─── Data listing

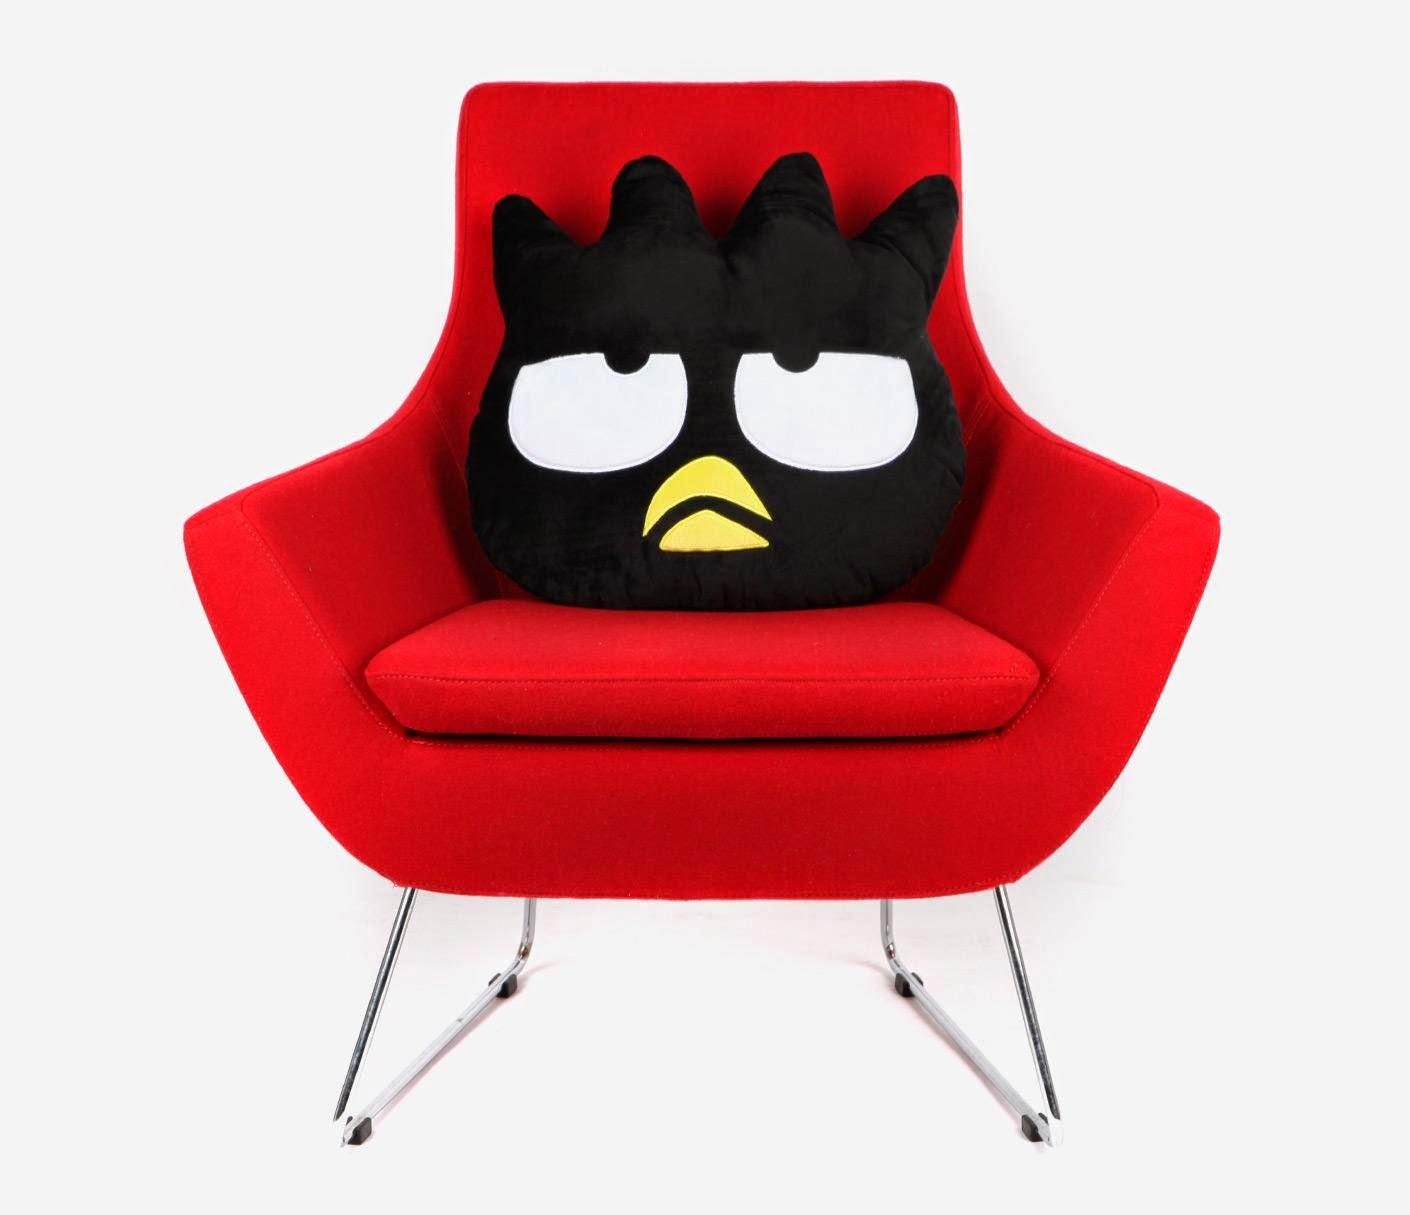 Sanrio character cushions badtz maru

──────
─── Data listing

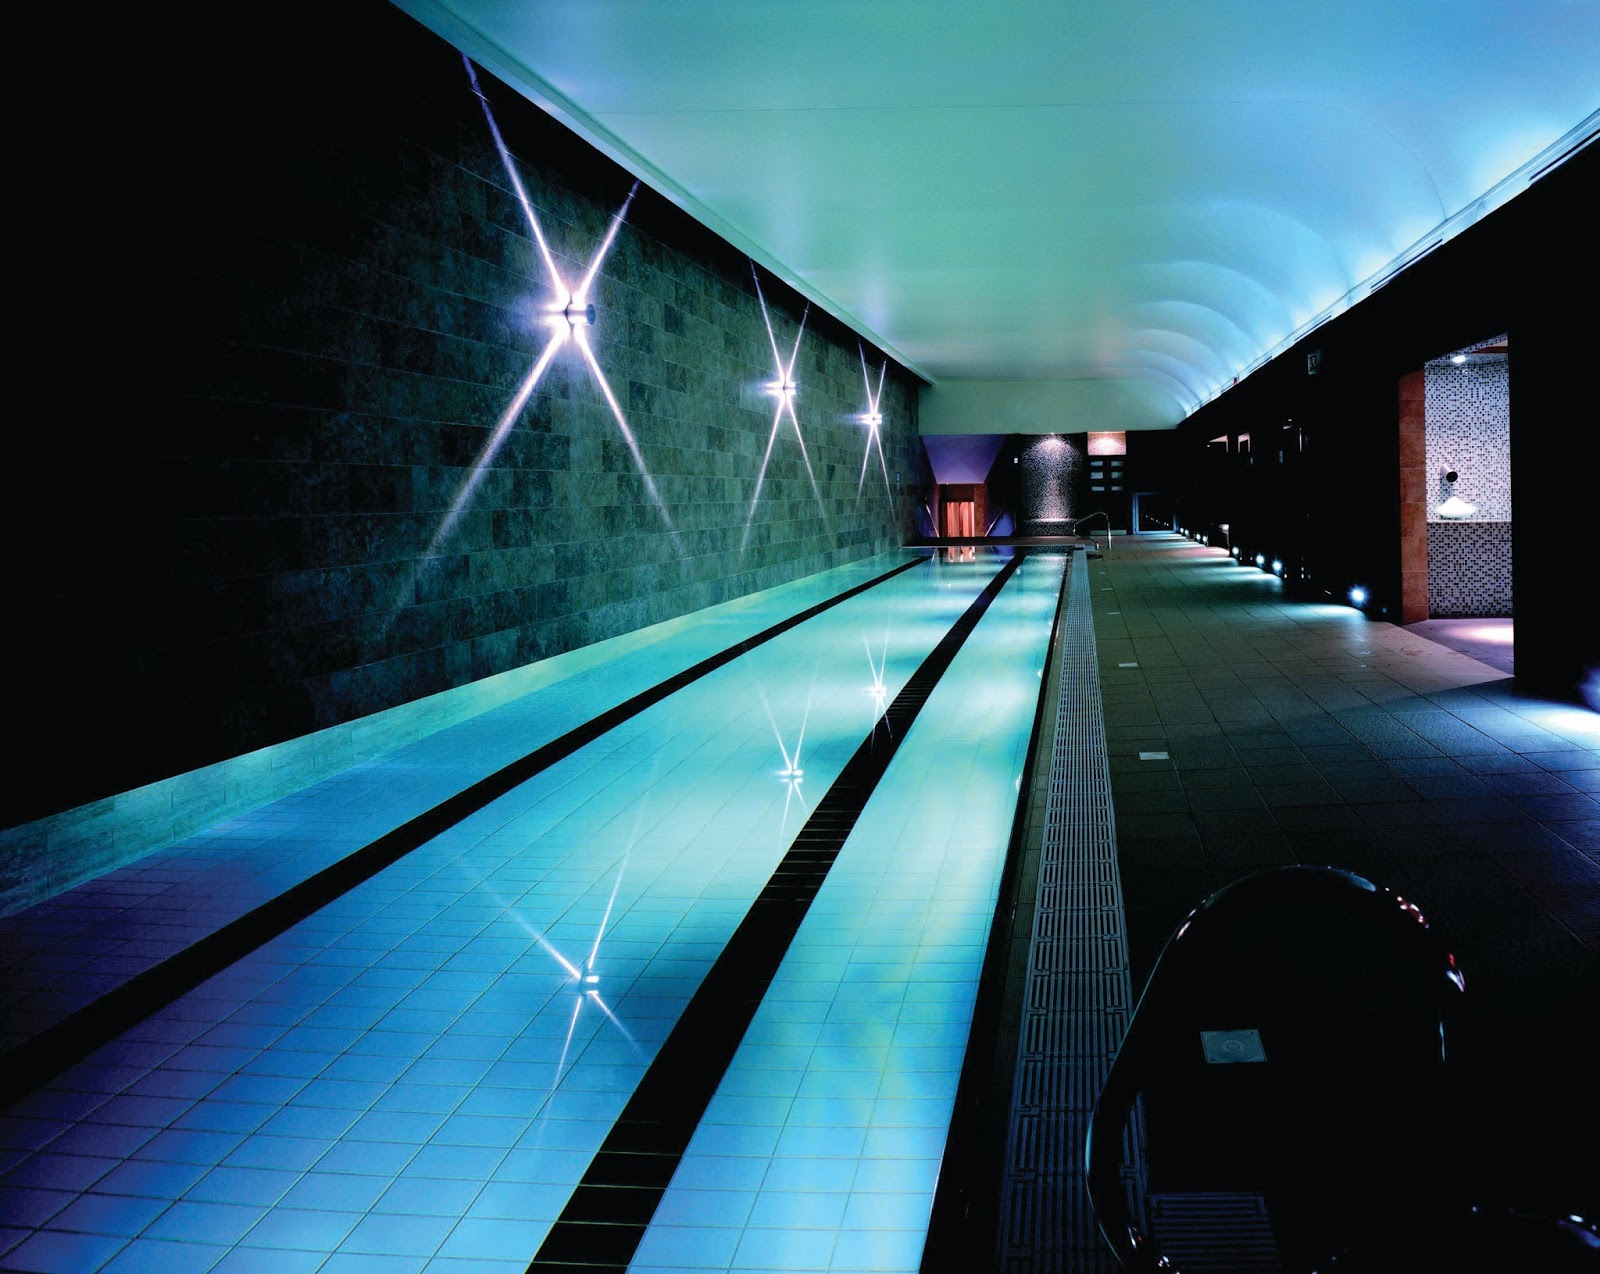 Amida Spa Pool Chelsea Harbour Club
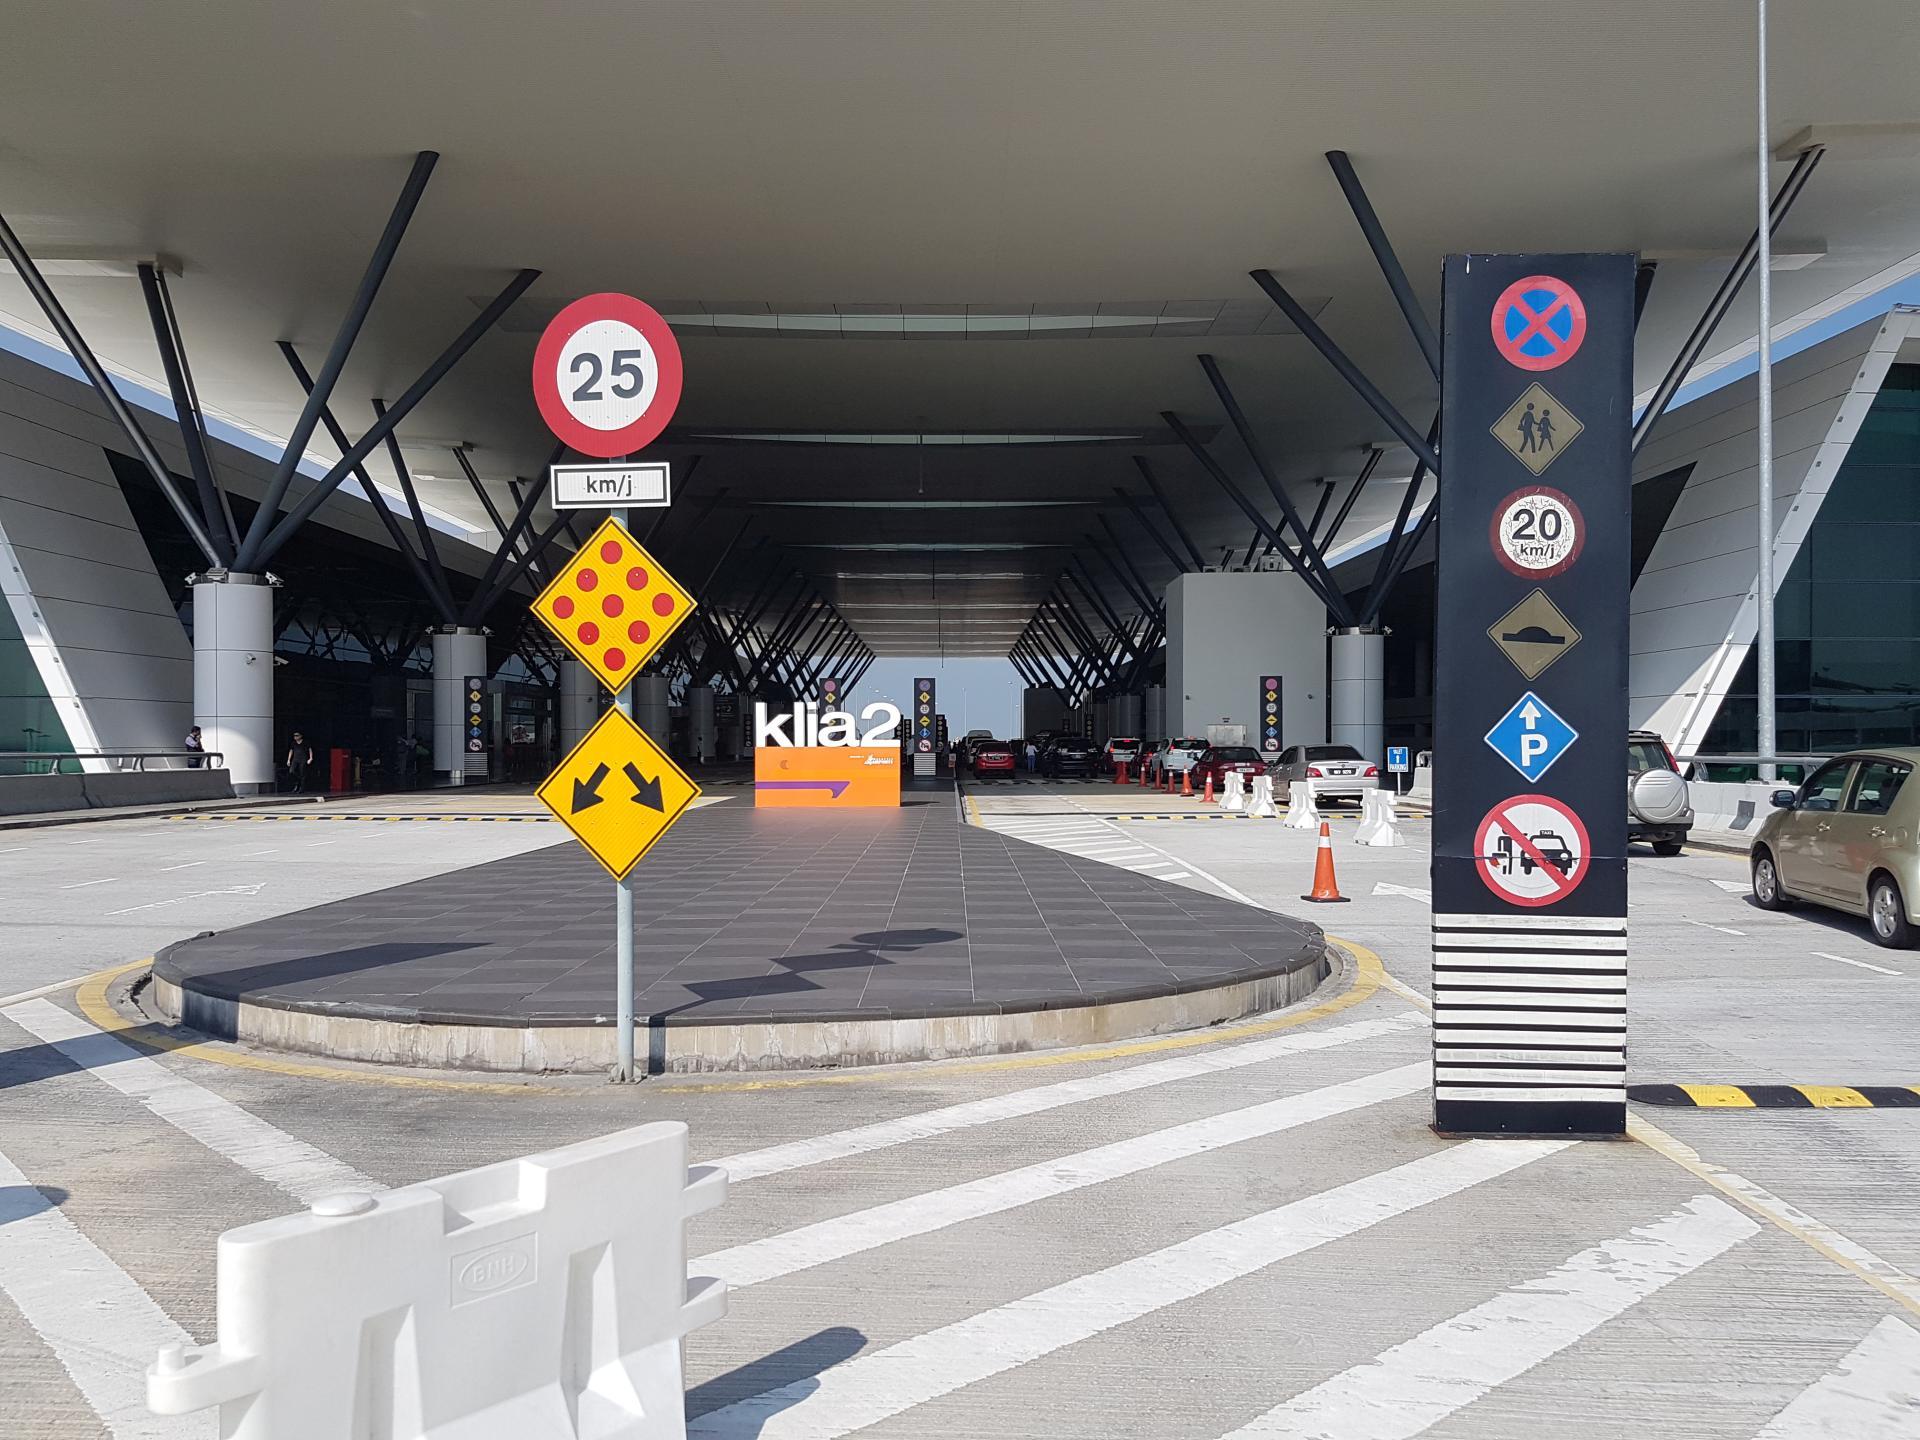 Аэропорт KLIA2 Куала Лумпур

──────

_Exercise aim_
In the entries above, find the line that contains "Amida Spa Pool Chelsea Harbour Club" and the line that contains "Аэропорт KLIA2 Куала Лумпур". Reproduce exactly those two lines and every line between them, but not the pictures.

_Result of the exercise_
 Amida Spa Pool Chelsea Harbour Club
 Аэропорт KLIA2 Куала Лумпур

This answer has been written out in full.